NEW YORK -- Although there were plenty of black-clad attendees sipping gratis wine -- and one briefcase-toting man wearing a winged, silver lamé coat -- no art was on view at the reception for multimedia artist Jody Elff's latest installation at Manhattan's Moving Image Gallery on Thursday night.
What drew the crowd was the promise they would provide data for Elff's real-time sound sculpture.
Elff orchestrated the piece, titled "Re.Sound," via a Macintosh G4 tower placed behind mysterious black curtains. Using Max, a graphical programming environment for music and media applications, he allowed the G4 to autonomously translate the ambient noise generated by movement and sound into musical responses.
The result: a witty, spontaneous interpretation of the self-conscious social dynamics of a New York City art opening. Gallery openings are often conceived of as intimidating, see-and-be-seen events.
Elff's ever-changing sound sculpture, to be featured through Jan. 31, addresses our collective indifference toward music. It also provides a forum in which artists and critics can express their views on conceptual media art -- particularly those that center on sound and music.
Elff feels music has grown so increasingly ubiquitous, from jingles on TV to Muzak in elevators, that we've grown immune to its effects. In fact, at the opening, Elff often disappeared behind the black curtains to jack up the volume.
"I don't want anyone to start ignoring the sound sculpture," said Elff. "If people think they're here for a social event, they're missing the point."
The energy in the high-ceilinged gallery was palpable as microphones picked up noise that, when compressed, triggered corresponding sound files stored on the computer's hard drive.
Low sub-tones throbbed from large concert-quality speakers as people mingled. The deep sounds swelled loudly as more attendees arrived -- making each entrance theatrical and causing the floor to vibrate slightly.
The digitized sound of piano keys and conversation tinkled from small, wall-mounted speakers, as in a well-timed soundtrack.
And two real cymbals, the only physical instruments utilized in the production, sounded without ever being struck.
Signals from software engines flowed to a simple software oscillator, generating a tone below the range of human hearing. The tone was slowly fed to tiny speakers mounted against each cymbal -- hung on ceiling lights -- causing the cymbals to shake as if possessed.

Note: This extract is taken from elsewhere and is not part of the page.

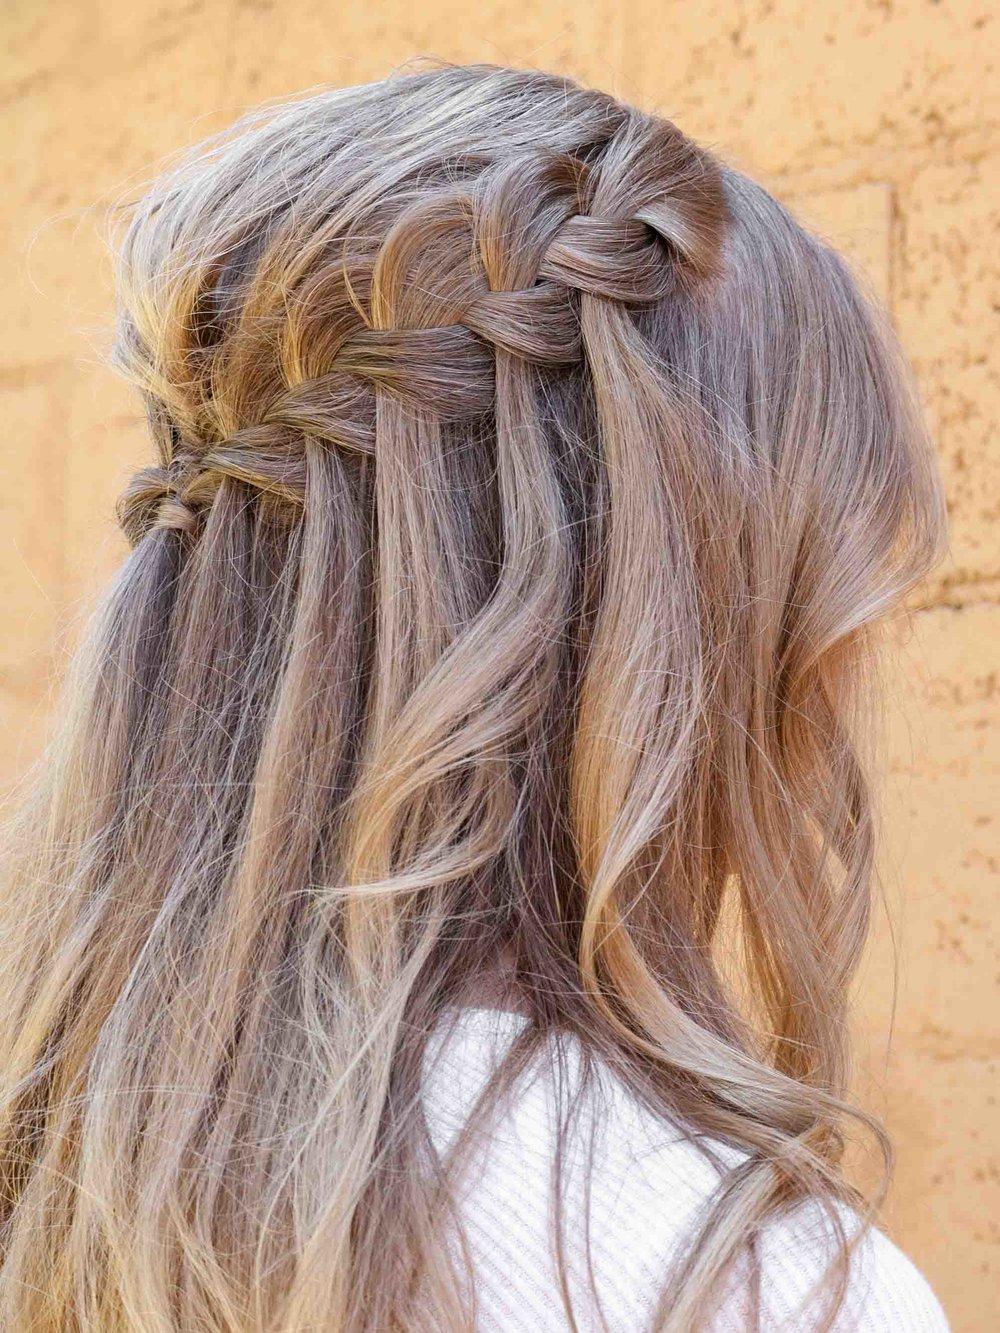 talia-whatcott-makeup-artist-portfolio-blog-hair-waterfall-braid-smoky-eye-matte-lip-bridal-wedding-tousled-curls-1-2.jpg
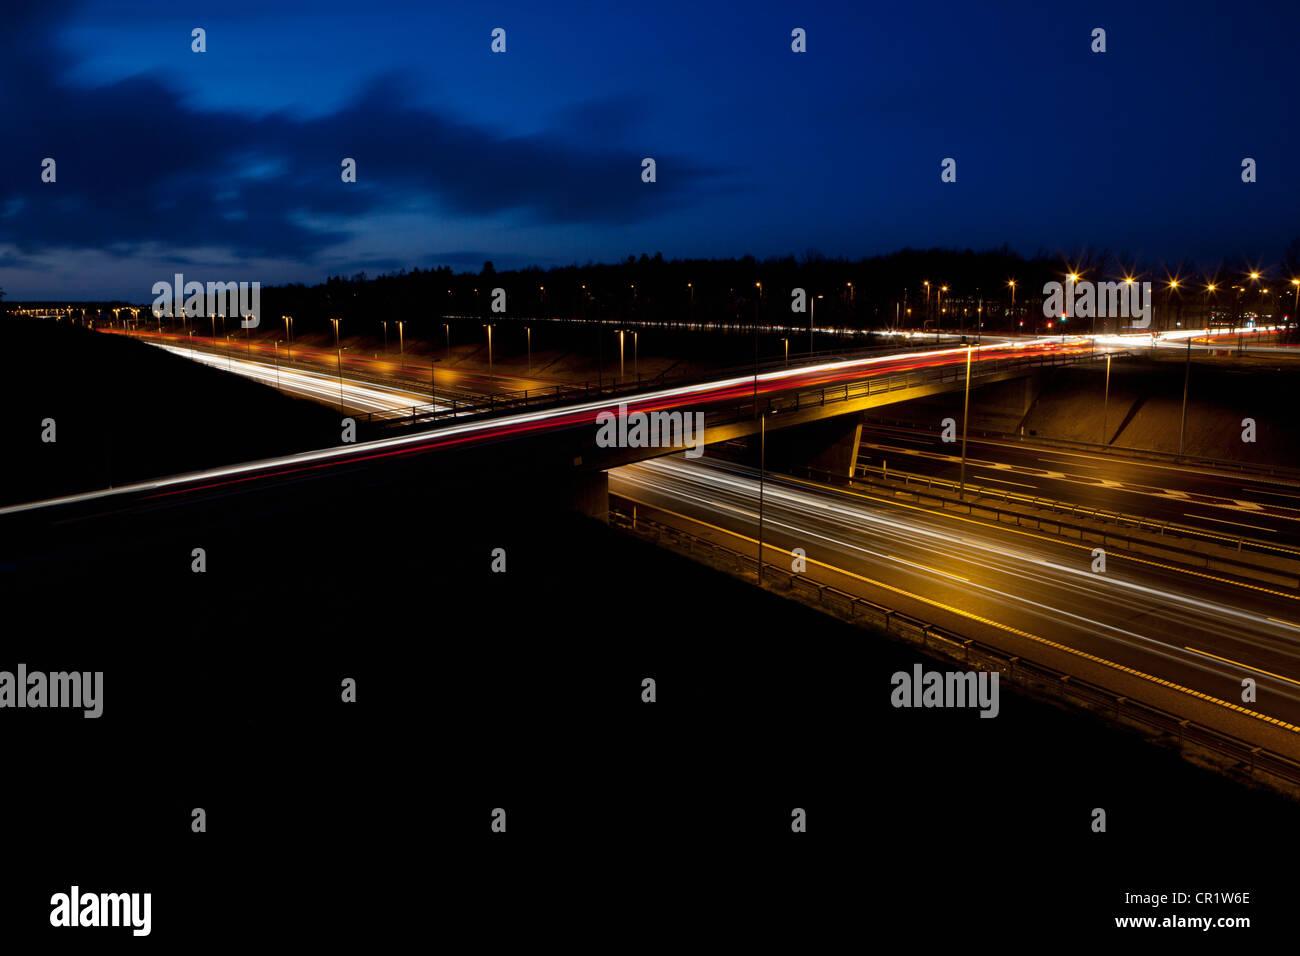 Time lapse view del tráfico por la noche Imagen De Stock

A colorful projection of a digital spectrograph -- a standard imaging tool that measures frequency analysis -- was cast onto the gallery's floor. A last-minute decision by Elff, the image served as a reminder to attendees that the musical responses were live.
Elff seemed slightly disappointed that one of his speakers blew right before the event started.

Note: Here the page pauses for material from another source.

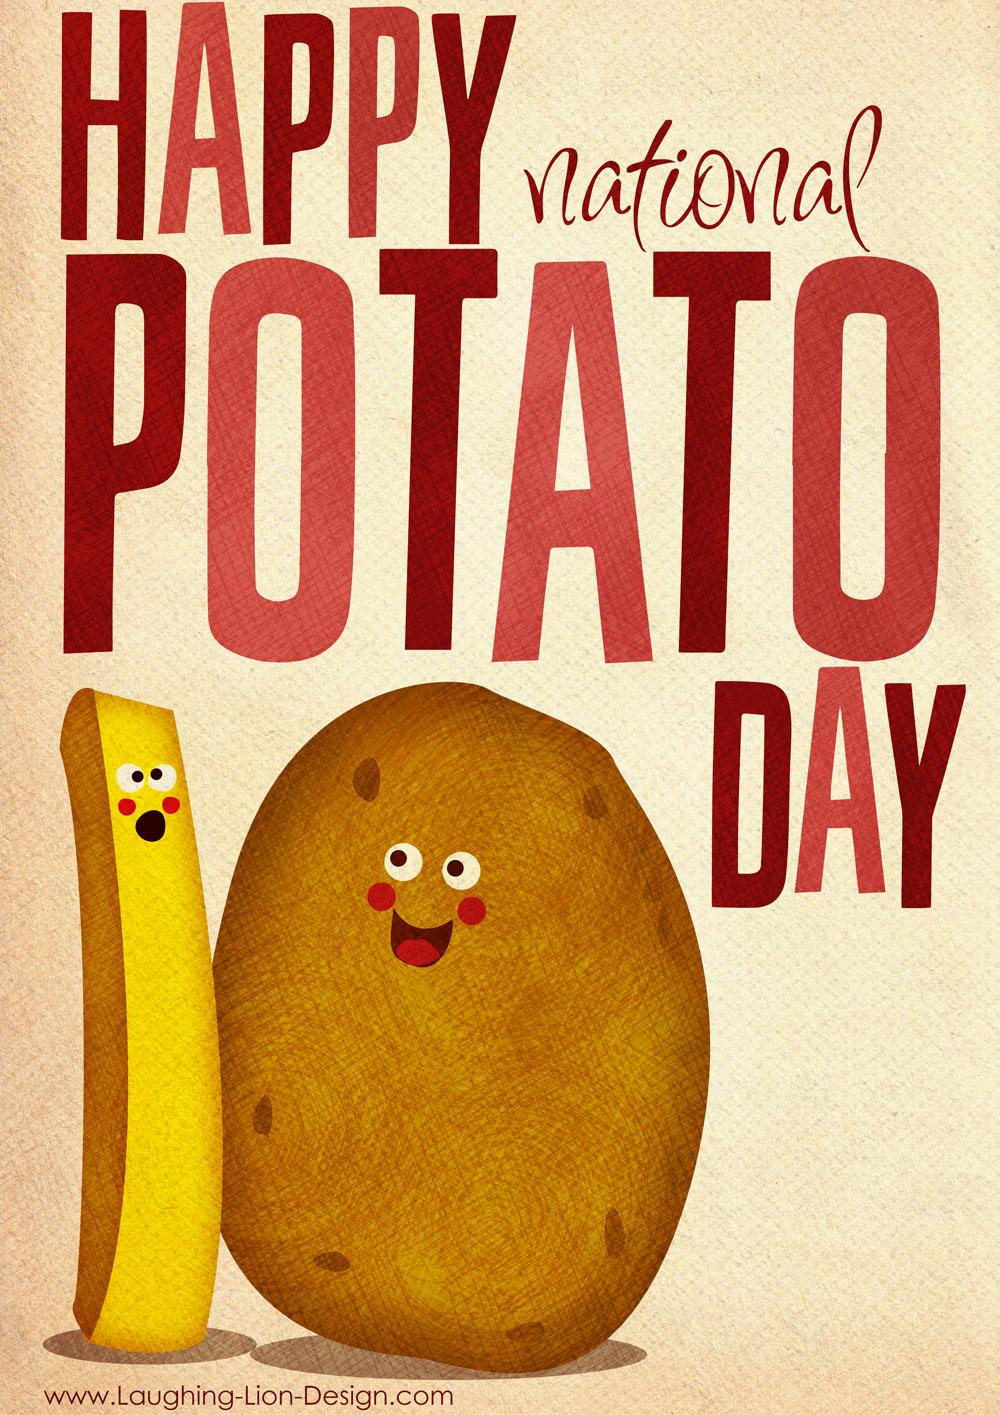 National Potato Day Illustration

"Equipment failure is a risk with multimedia art," he said with a sigh. "That's reality."
Some audience members were surprised by the elegance of the unique piece, a far cry from the sometimes chaotic, audience-participatory events known as "happenings" held in the 1960s by artists such as Allan Kaprow.
Elff's piece also represents a departure from more recent, artist-centered performances like those by Atau Tanaka, a well-respected Japanese musician/artist who creates MIDI music that interprets his body's internal sounds.
"I assumed Elff's sounds would be more random," said Rich Deas, an art director at Scholastic. "I didn't expect to hear a piano that was on a beat. I thought this would be an obscure rambling. This is better."
Others were disappointed that the piece wasn't more cutting edge.
"The sound seems imposed, rather than an interpretation of what's going on," said Daniel Aycock, director of The Front Room, a Williamsburg, Brooklyn gallery that shows conceptual media art. "A lot of artists are working with sound. This doesn't seem so experimental."
Indeed, about half the artists in the Whitney Museum of American Art's upcoming "BitStreams" show, one of the art world's first major exhibitions to showcase work made with new digital tools, are sound artists.
And venues like the New Museum's Media Z Lounge, Manhattan's first institutional gallery dedicated to media art, regularly feature events like John Kilma's recent public performance of "glasbead," a musical interface he initially created for the Web.
"Sound may be more easy for curators to identify with," said Michelle Thursz, director and founder of Moving Image Gallery, which opened in late 1999 and is dedicated to showing only new media art.
"Musicians like John Cage laid down the road decades ago for an art context. Sound is something that broader audiences will accept and identify with in a gallery, unlike Web art."
Others believe the use of sound by digital artists like Elff signifies more than a trend.
"I wouldn't say it's a trend. New media tends to blur the boundaries between various genres: Visual artists make music, architects make websites, engineers become performance artists," said Mark Tribe, founder of the nonprofit new media art organization and website Rhizome.org.
"Some of the best sound is being done by these genre-bending visual art renegades. It just goes to show that what counts these days is not mastery (but) innovation and fresh perspectives," said Tribe.